For some time now, many politicians and experts have suggested the idea that it was necessary to start with debt. First online hosted the opinions of Giorgio La Malfa, Nicola Rossi, the former State Accountant General Andrea Monorchio, up to Filippo Cavazzuti. To do this it is necessary to launch one or more funds through which to sell a substantial part of the public assets. Not 5 billion a year as Berlusconi says, but 100 billion a year for a couple of years! To this we can add not an extraordinary asset as Giuliano Amato, Pellegrino Capaldo and Alessandro Profumo claim, which would have depressive effects on the economy, but a forced loan to make Italians buy government bonds at much lower rates than the current ones which however they may be not too far from where the market would be at once the current panic phase has passed. The wave of patriotism raised by the entrepreneur from Pistoia, who invited Italians to buy government bonds in the Corriere, shows that a credible prime minister could ask citizens for a similar financial effort.

However, these one-off measures should be accompanied by a structural recovery of the public accounts through a "true" reduction in political expenditure and so-called current expenditure, by a shift of taxation from work to things, by a true pension reform, and a review of the labor market to obtain more flexibility along the lines of the Ichino reform.

Of course, these are difficult things.

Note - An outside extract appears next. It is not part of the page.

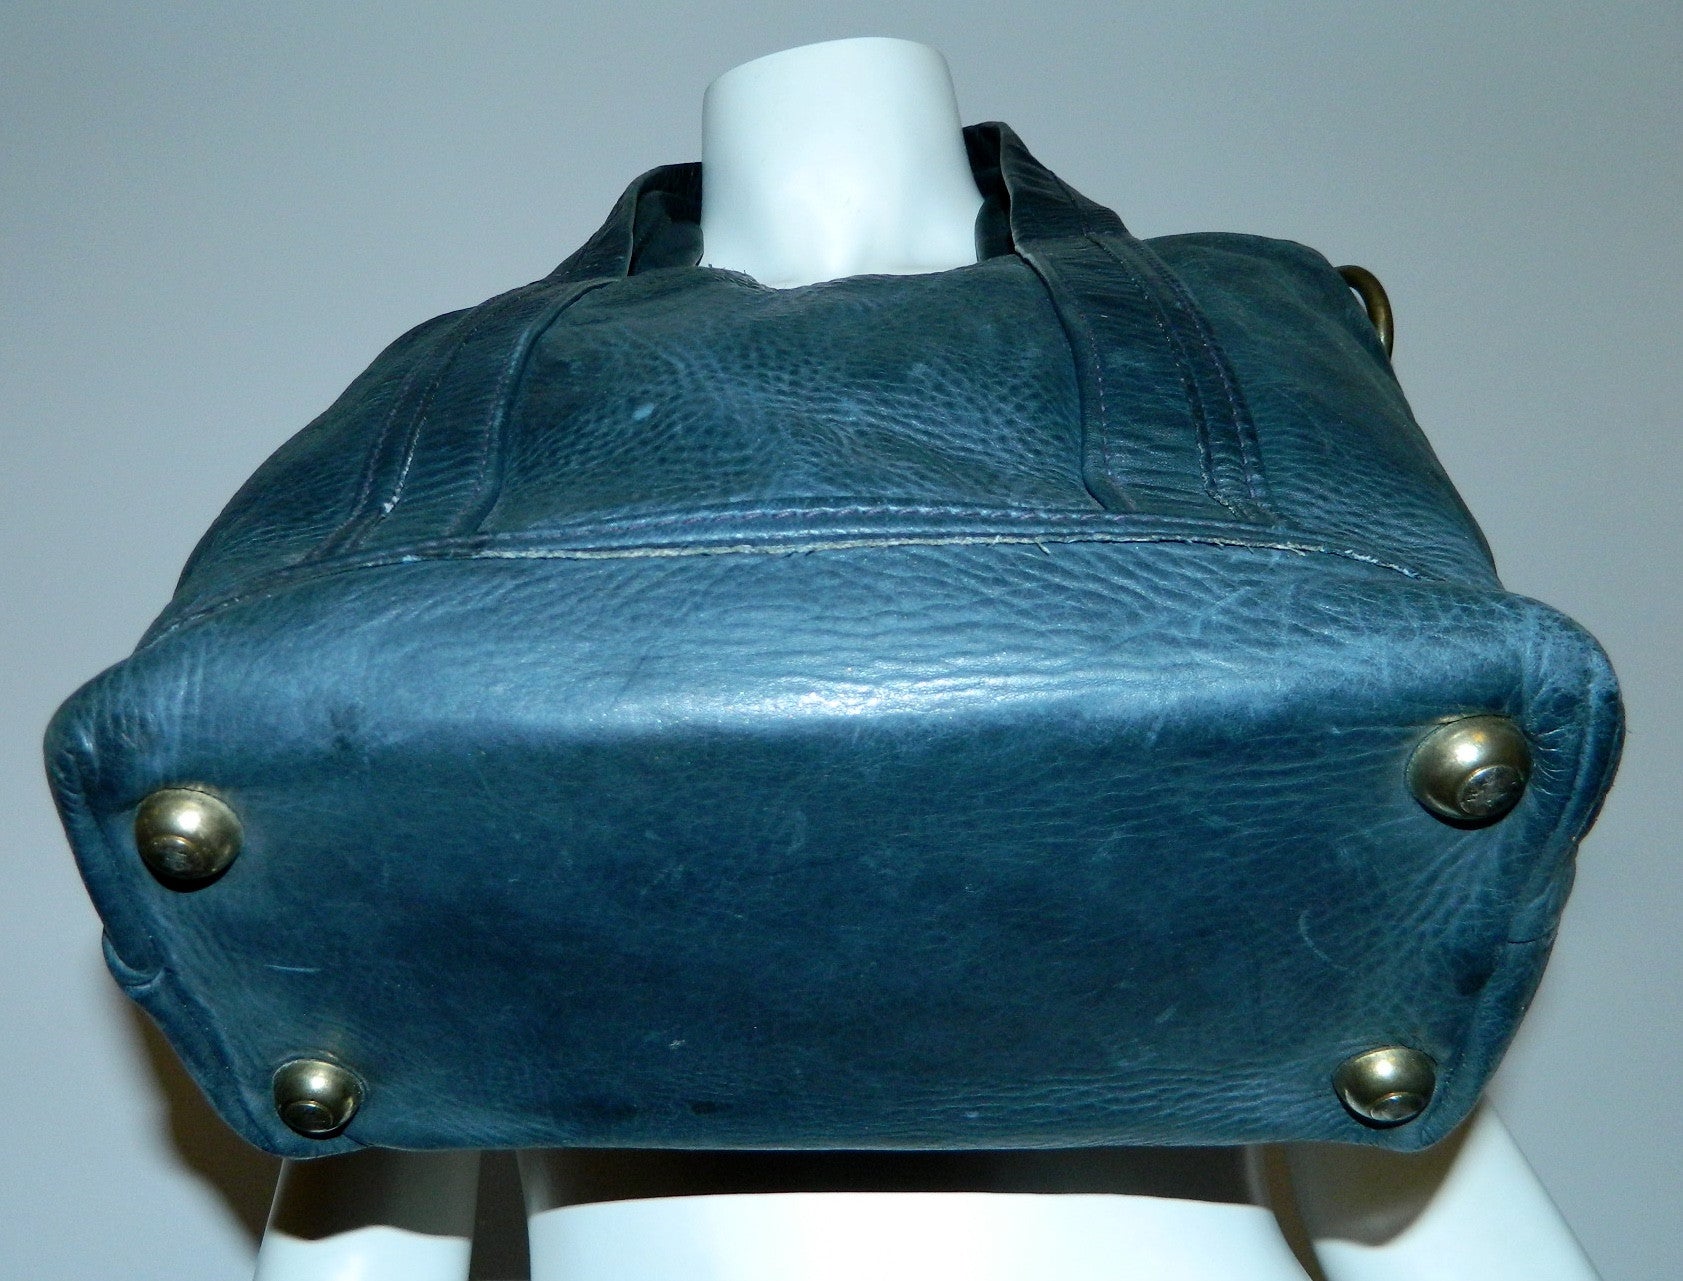 vintage blue saddle leather tote bag Lee Stemer for Ronay handbag purse 1970s

Perhaps not as painful or unpopular as they say, but which should surely lead many Italians to change old and comfortable habits and get back into the game. But the benefits would be considerable and also quite rapid. Markets change expectations quickly. The crisis began in June. In the spring, the acute phase could be overcome. But we cannot continue with old-fashioned political games that waste time and have a disproportionate cost to the country.

Surely the worsening of the Italian crisis was caused by the ignorance of the political class, the one in government, but in part also the one in the opposition. What a pity to hear Di Pietro thunder against the "social butchery" imposed by Europe, when in most cases we are dealing with things that we should do because it is convenient for us and not because they are imposed by others. Speculation and the markets are nothing but the mirror of the failure of politics, of its inability to manage this phase of globalization not only of the economy, but also of cultures and lifestyles. In truth, this is not only an Italian evil, that even in the rest of Europe sensational mistakes have been made to such an extent as to transform a small local crisis like the Greek one into a European and perhaps global crisis.

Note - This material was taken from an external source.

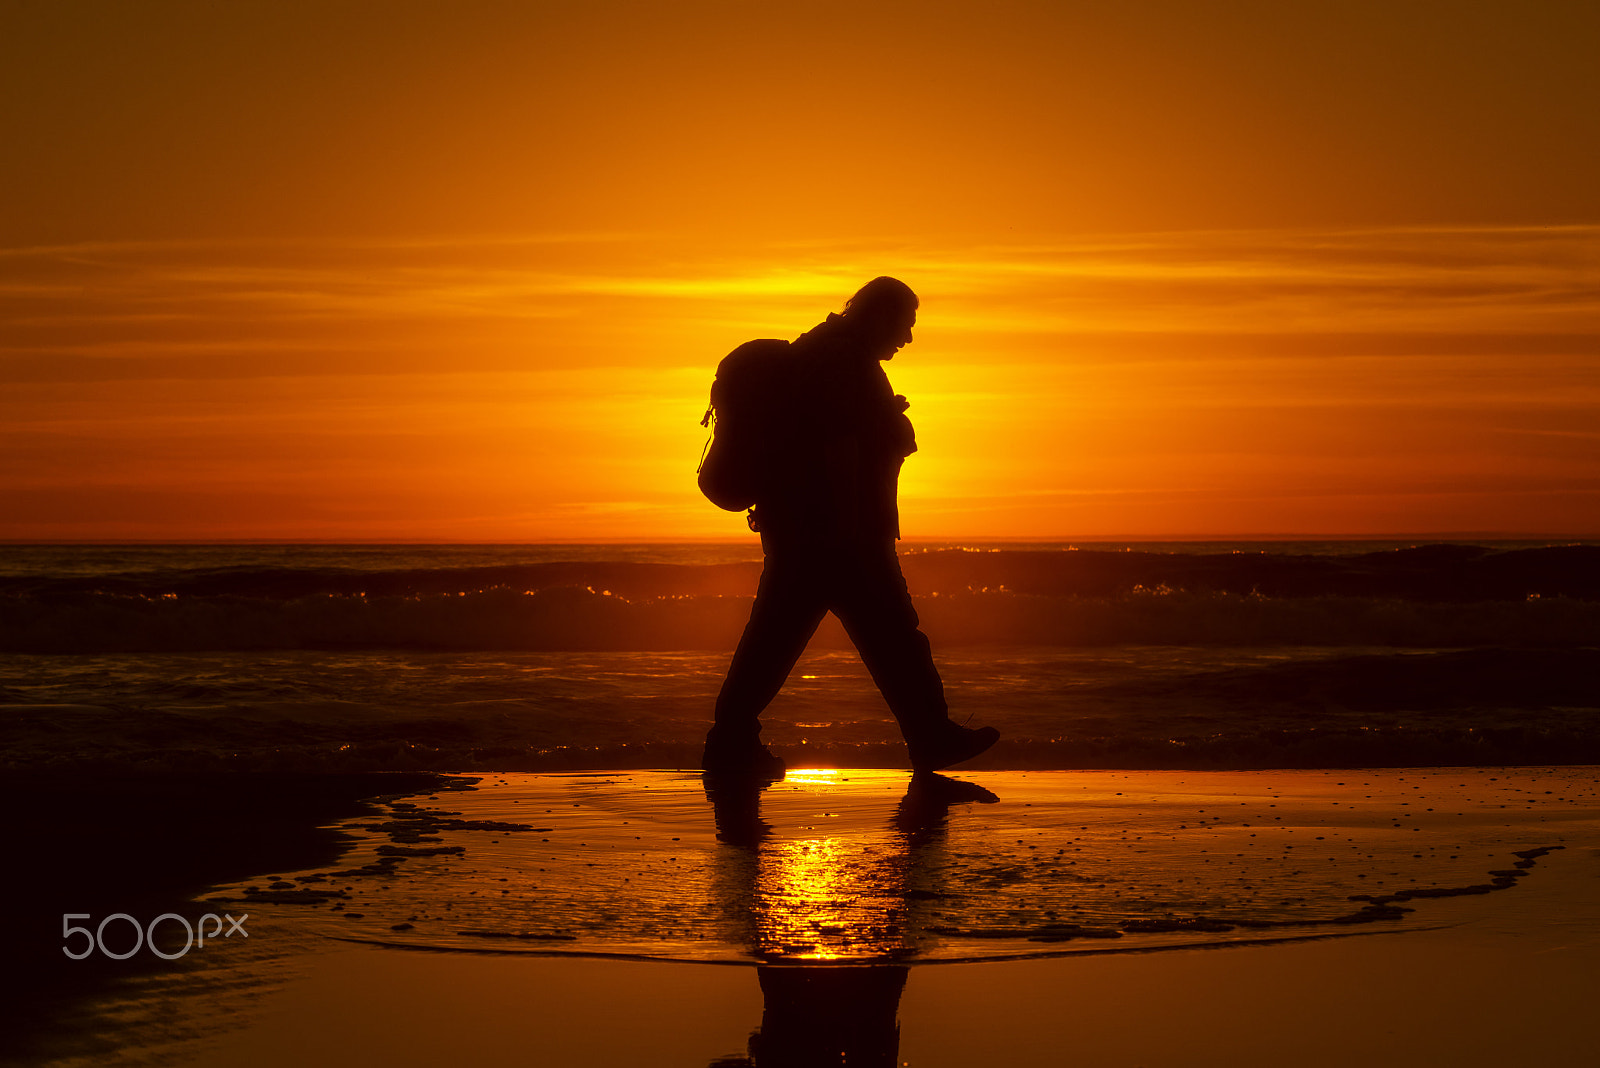 Nikon D600 + Nikon AF-S Nikkor 80-400mm F4.5-5.6G ED VR sample photo. Man walks on the beach at sunset in oceanside. photography

For Italy there is no more room for other political selfishness or attempts to postpone choices. The President of the Republic acknowledges that Berlusconi's attempt to hide behind the stability law only wastes time and makes the crisis more acute. He closes this page and gives the task to a super partes personality who presents himself in Parliament. And he will see that he will get many more votes than are conceivable on paper today by looking at the official attitudes of the party secretariats.